▶ HOW TO COMPLETE THIS TASK
Every line of the material must be given again verbatim. Skip the images.
Start of INFORMATION SUPPLIED
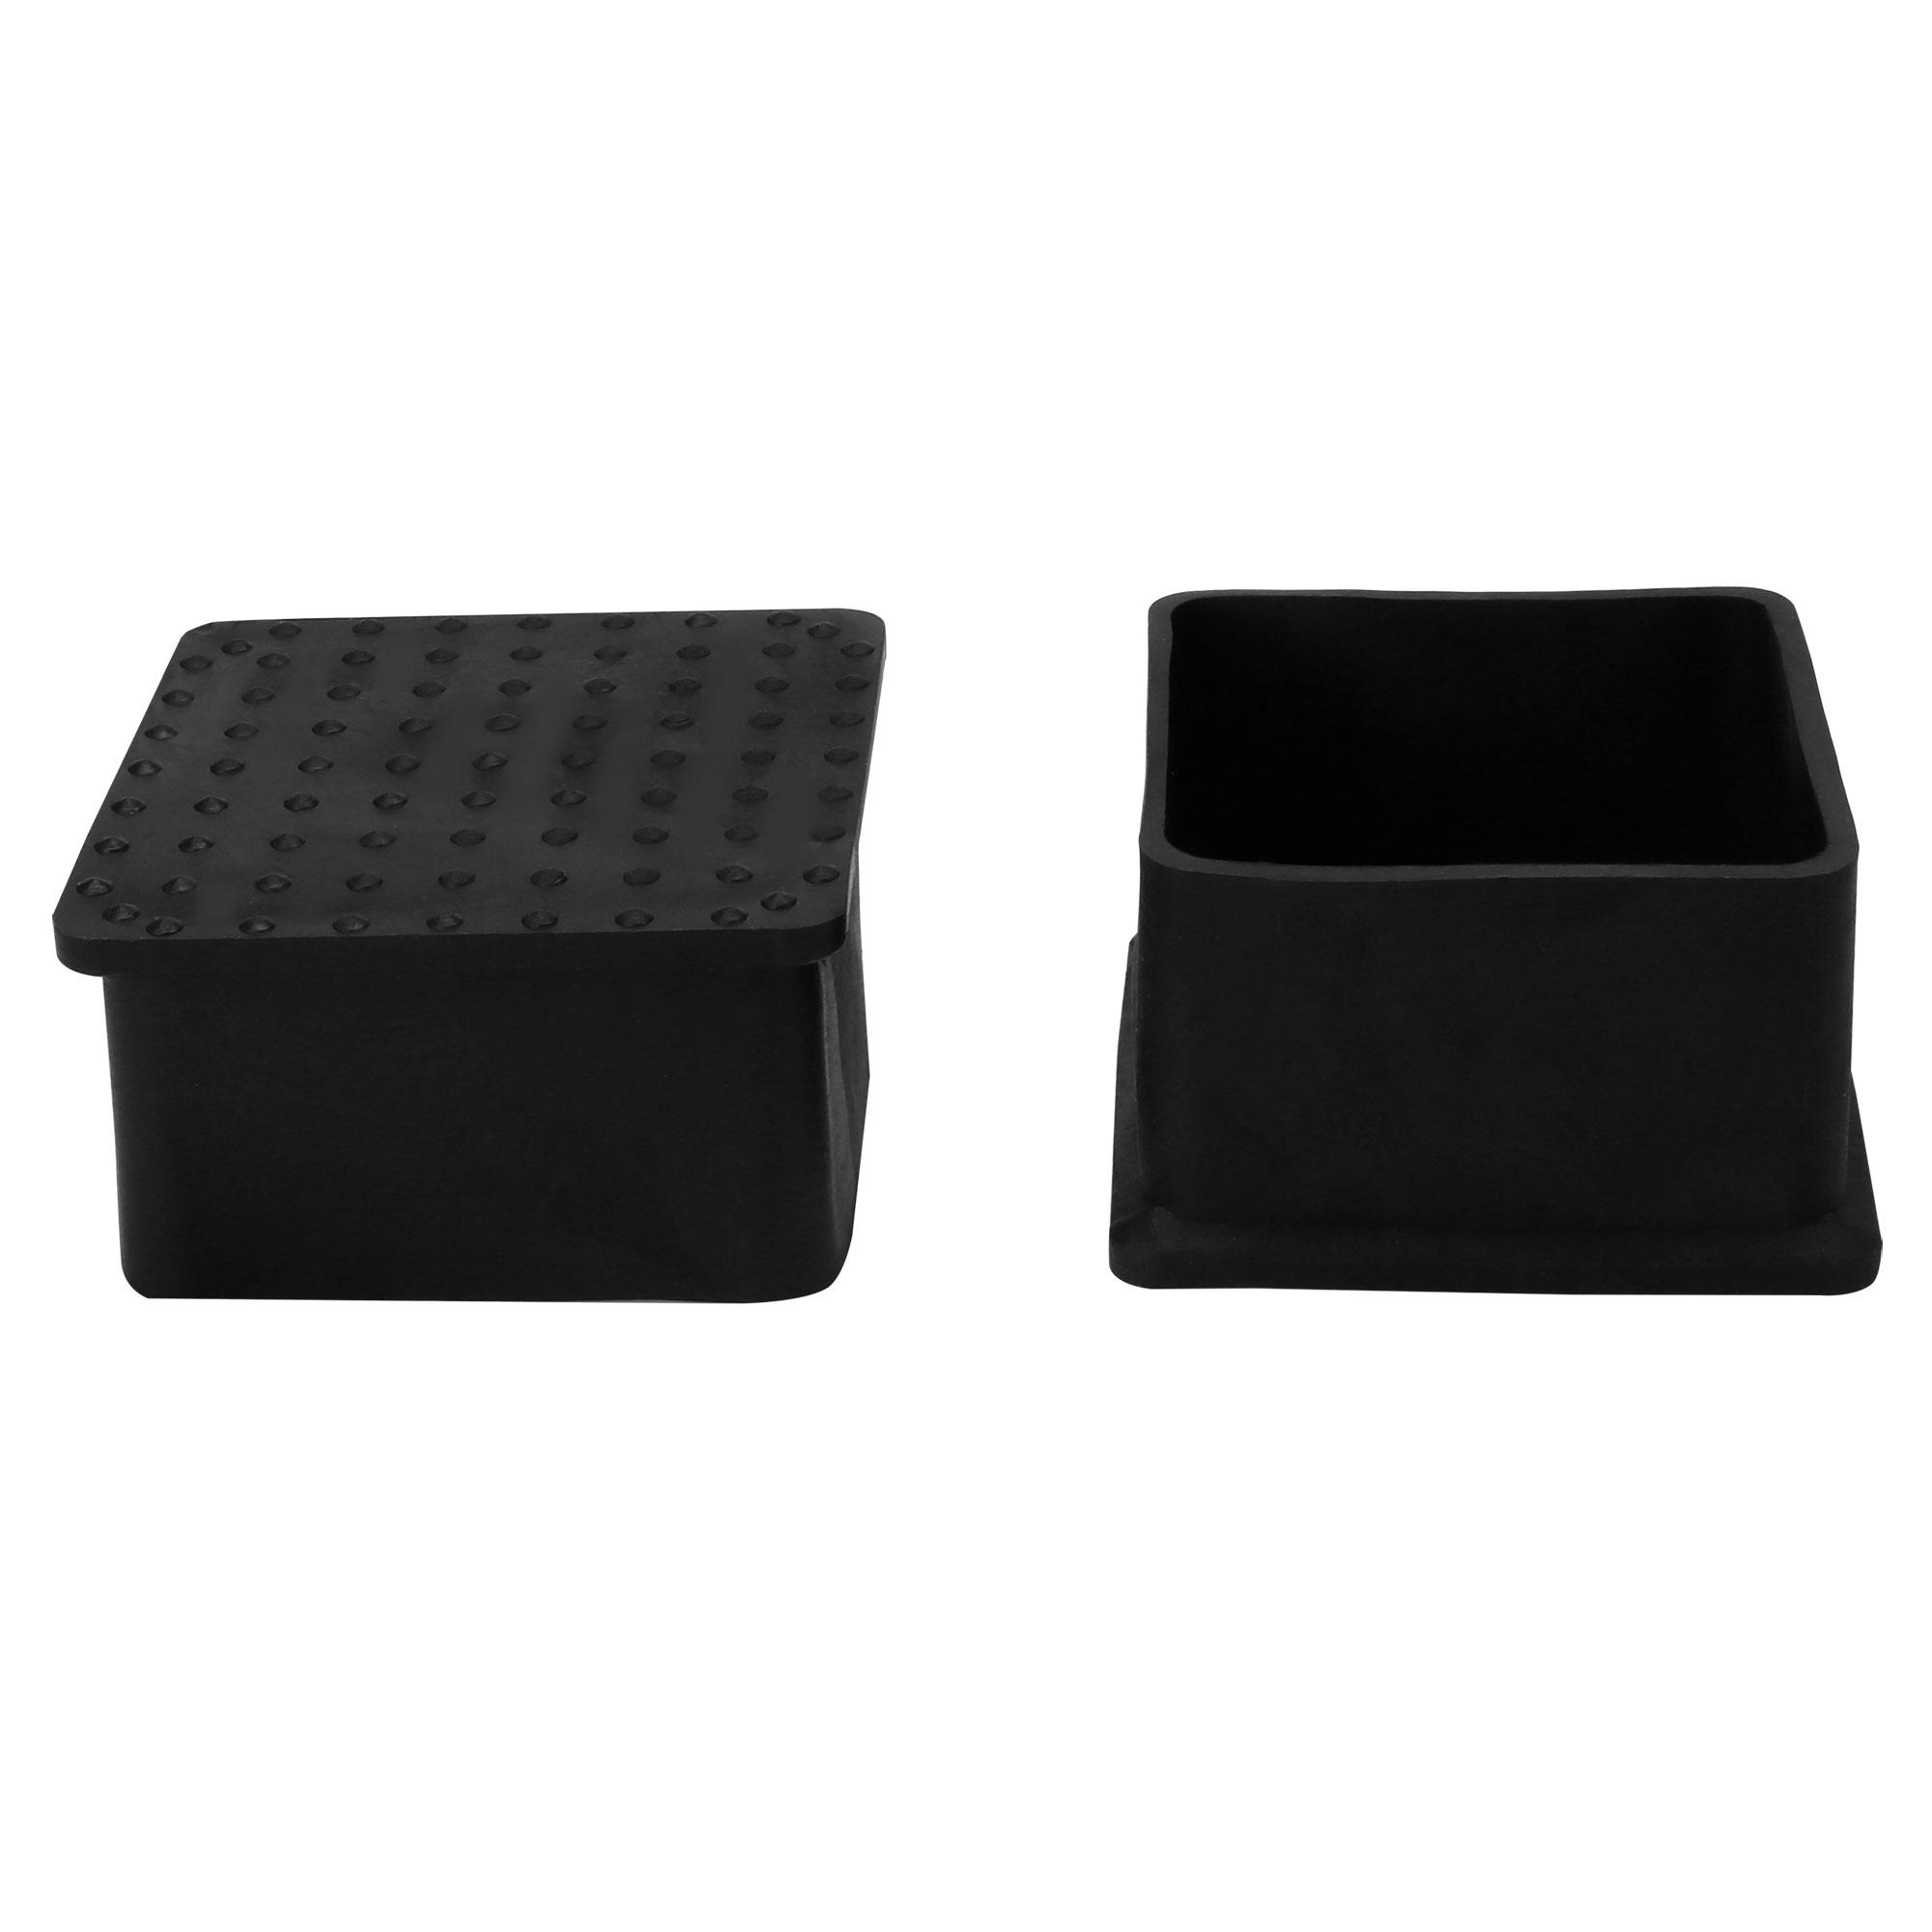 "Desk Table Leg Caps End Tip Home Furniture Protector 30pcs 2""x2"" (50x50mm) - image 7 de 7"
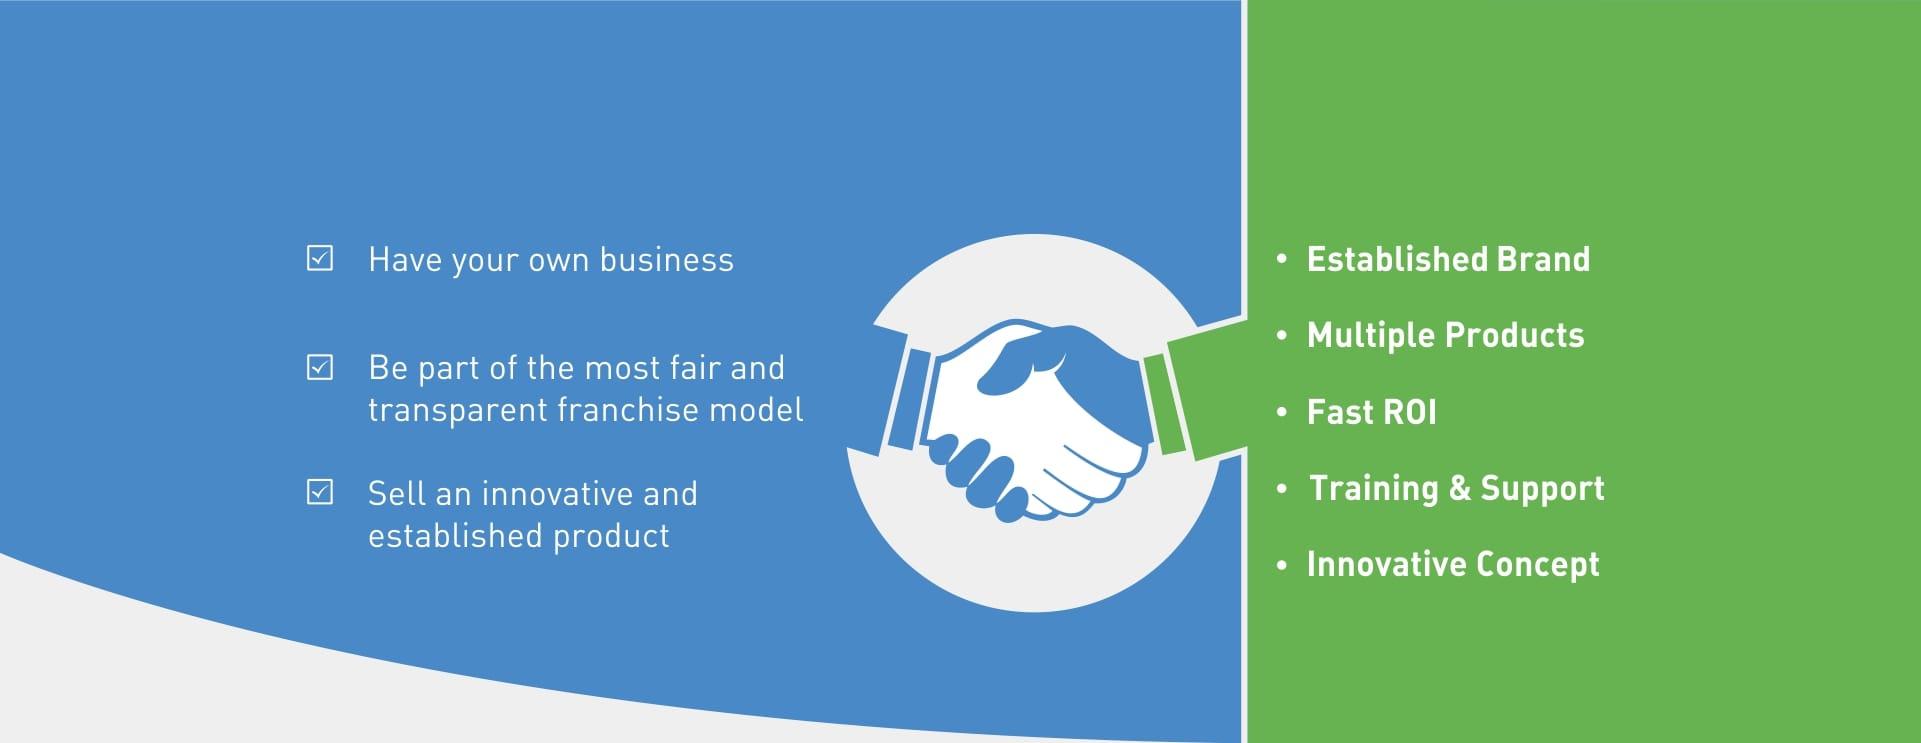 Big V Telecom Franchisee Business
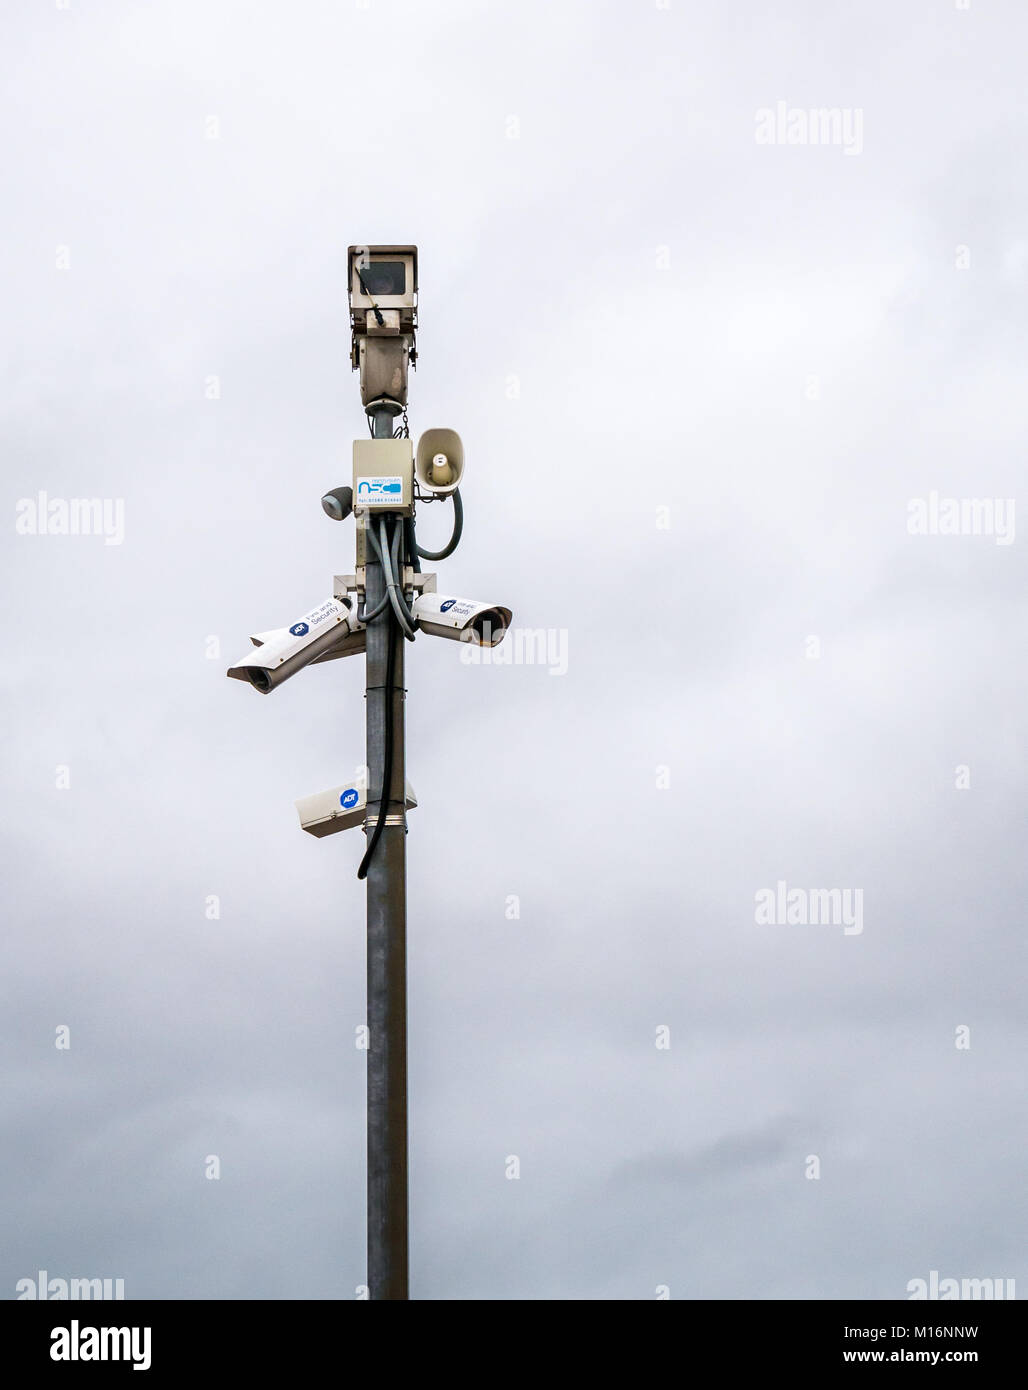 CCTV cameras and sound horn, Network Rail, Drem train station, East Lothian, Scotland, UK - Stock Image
End of INFORMATION SUPPLIED
▶ SOLUTION TO THE EXERCISE
 "Desk Table Leg Caps End Tip Home Furniture Protector 30pcs 2""x2"" (50x50mm) - image 7 de 7"
 Big V Telecom Franchisee Business
 CCTV cameras and sound horn, Network Rail, Drem train station, East Lothian, Scotland, UK - Stock Image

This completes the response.